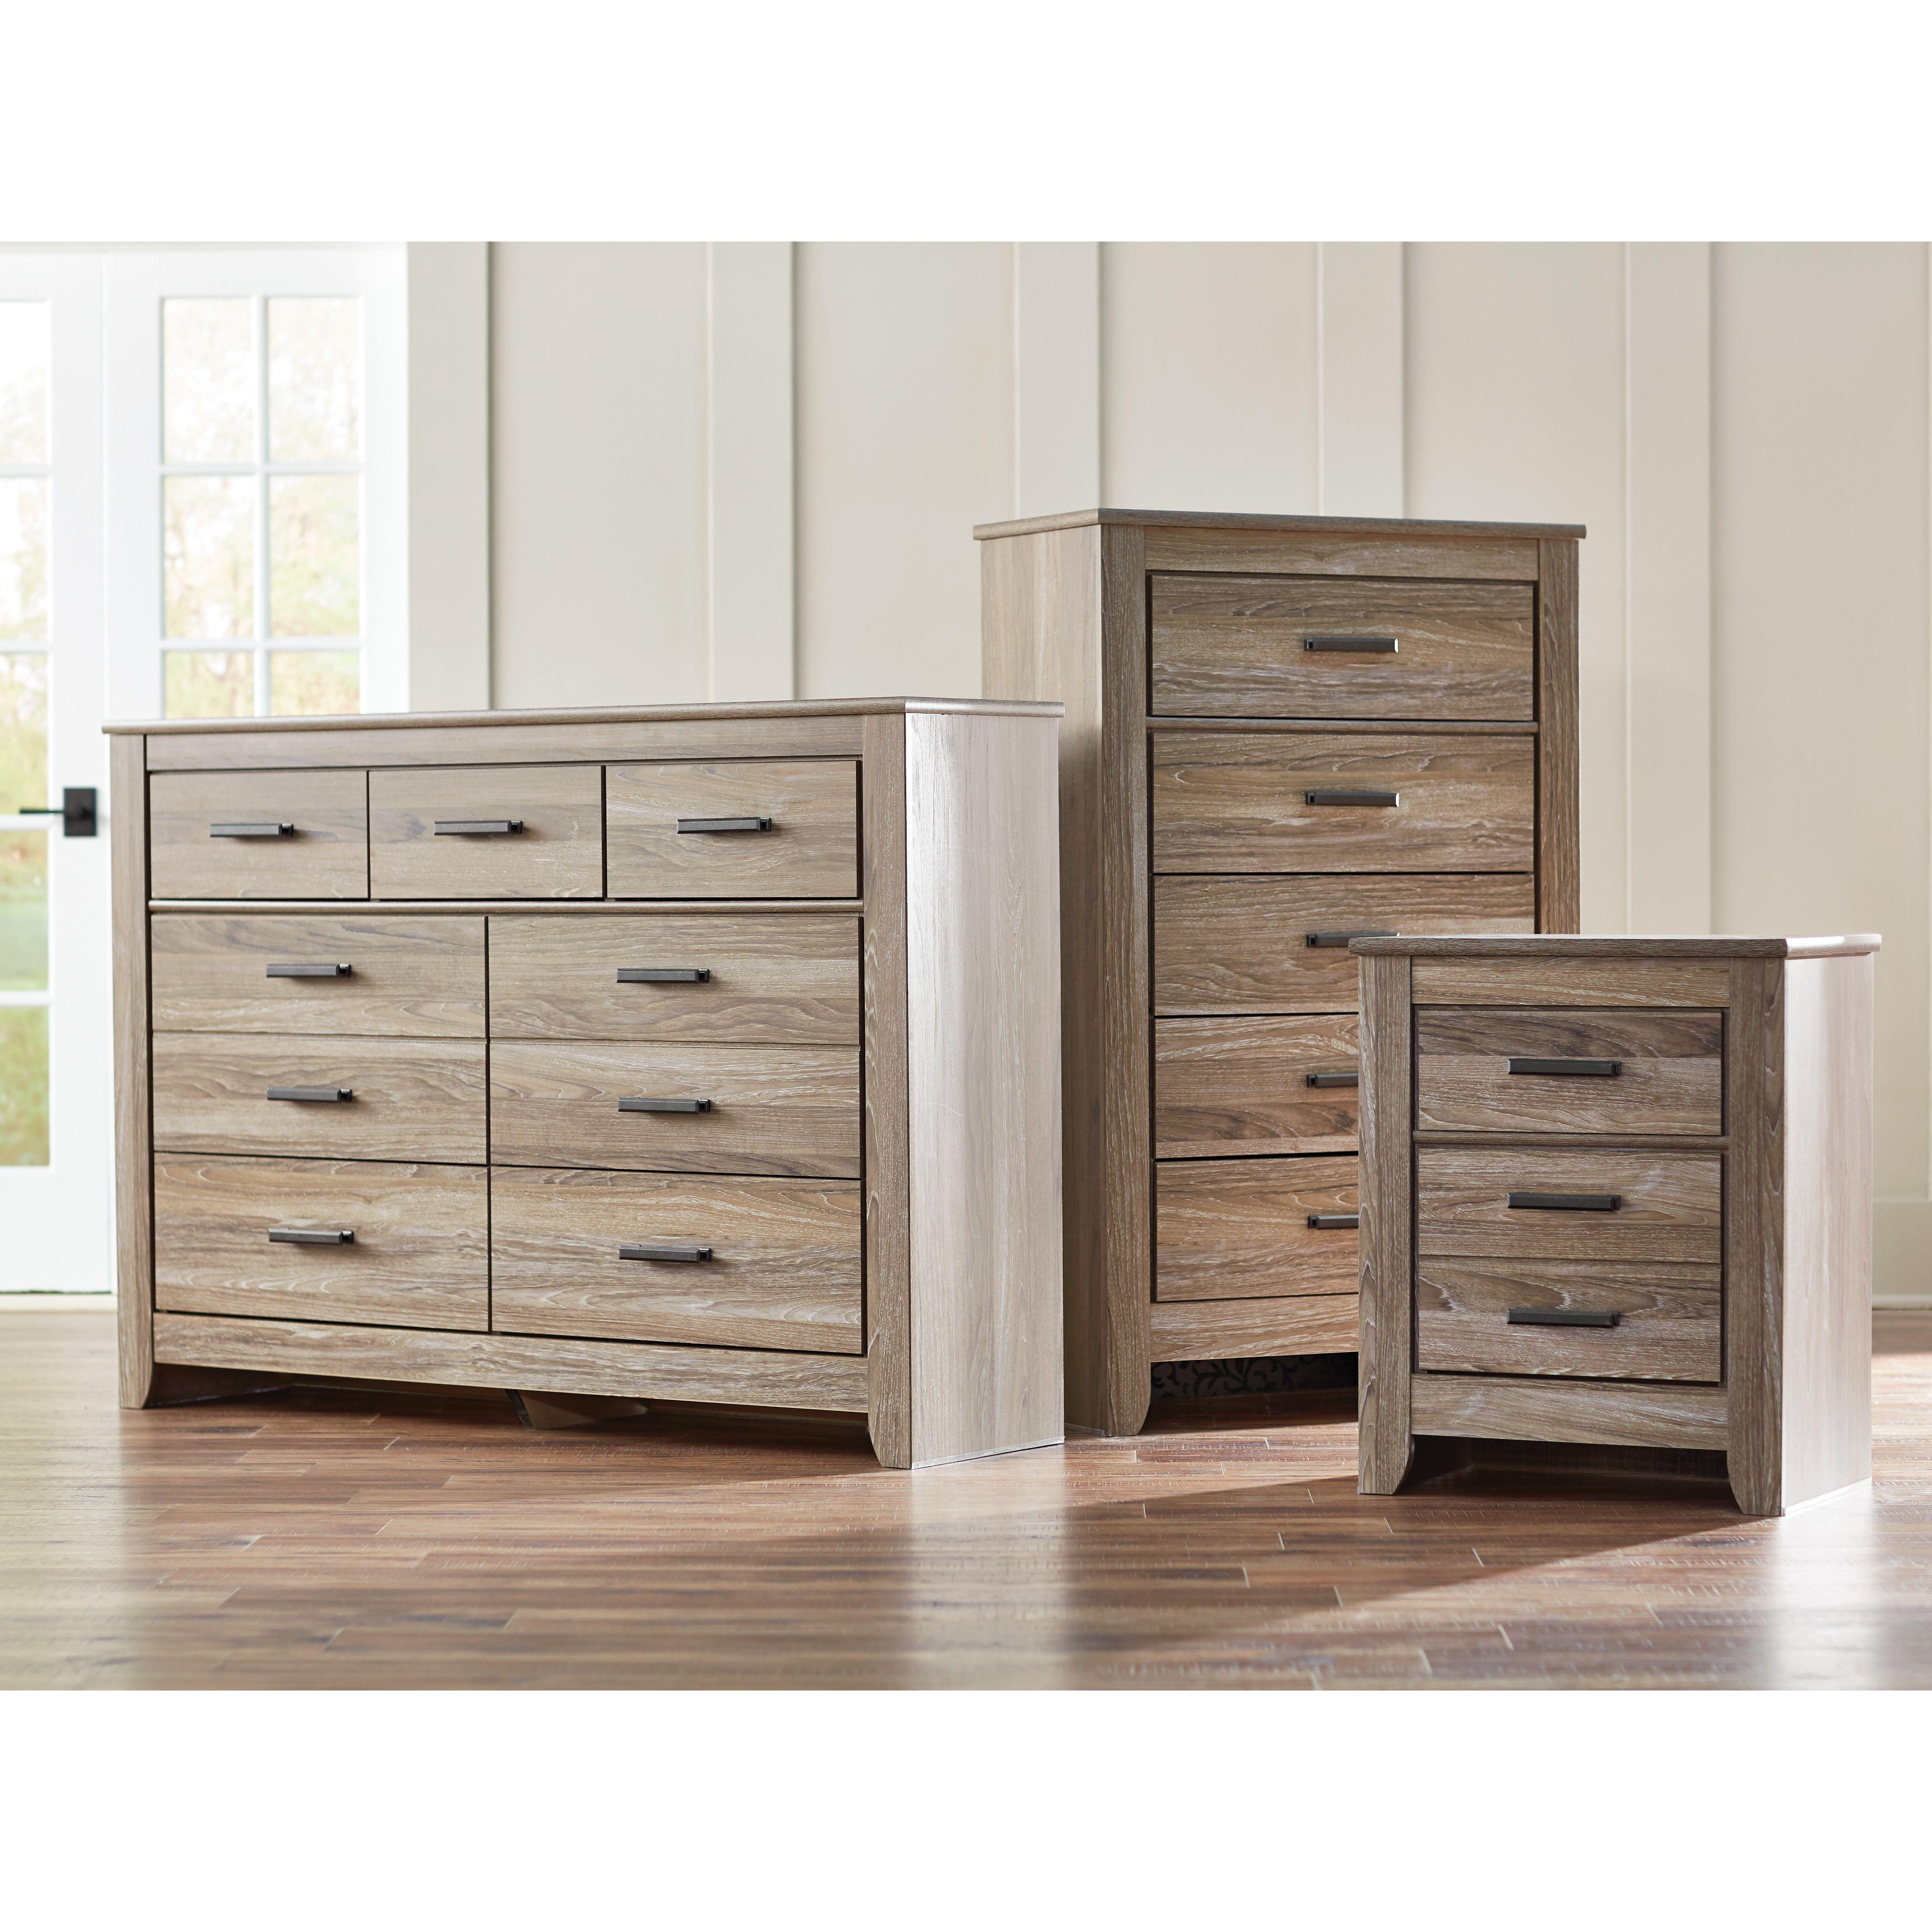 Zelen Chest 7 Drawer Dresser Dresser Drawers Furniture [ 5080 x 5080 Pixel ]
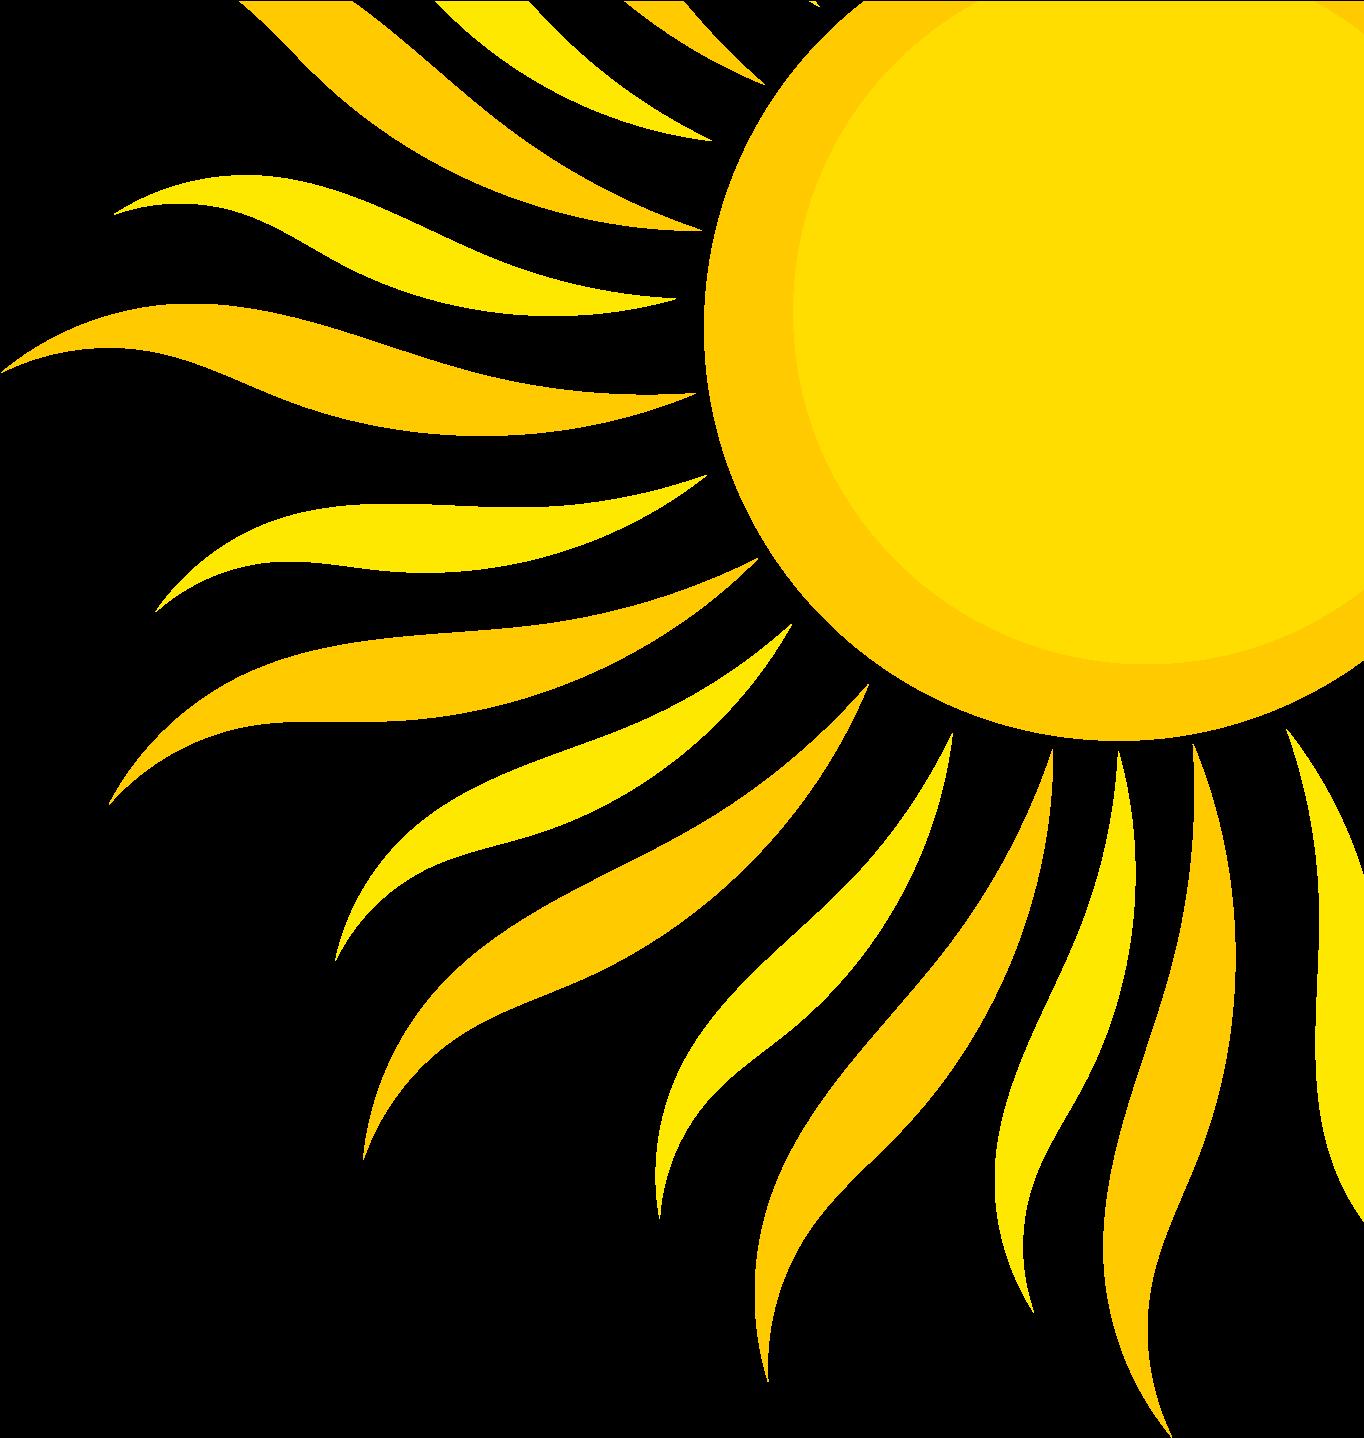 Quarter summer png transparent. Clipart sunshine sun shine
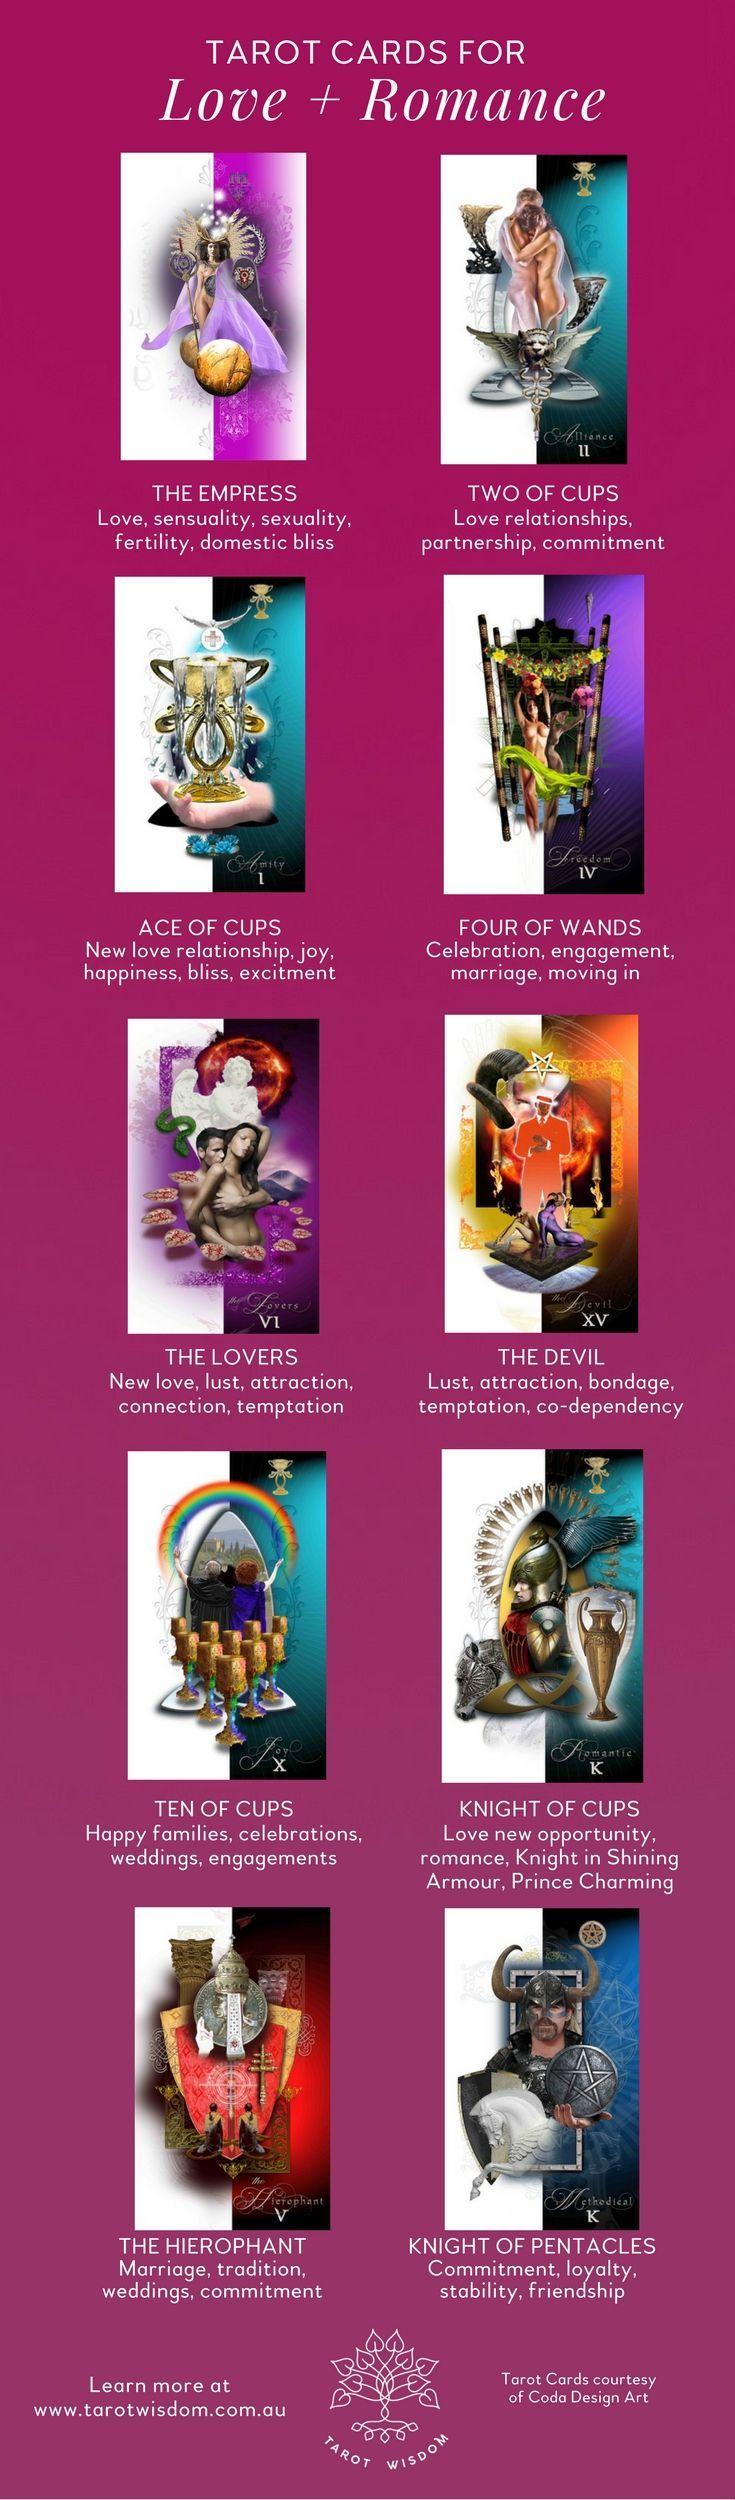 The top #Tarot Cards for #Love + Romance. To learn more about Tarot visit the website: www.tarotwisdom.com.au #tarotcardscheatsheets

# WORK ORDER
Every line above should be copied exactly, apart from any pictures.

# RESULT FOR THIS TASK
 Zelen Chest 7 Drawer Dresser Dresser Drawers Furniture [ 5080 x 5080 Pixel ]
 Quarter summer png transparent. Clipart sunshine sun shine
 The top #Tarot Cards for #Love + Romance. To learn more about Tarot visit the website: www.tarotwisdom.com.au #tarotcardscheatsheets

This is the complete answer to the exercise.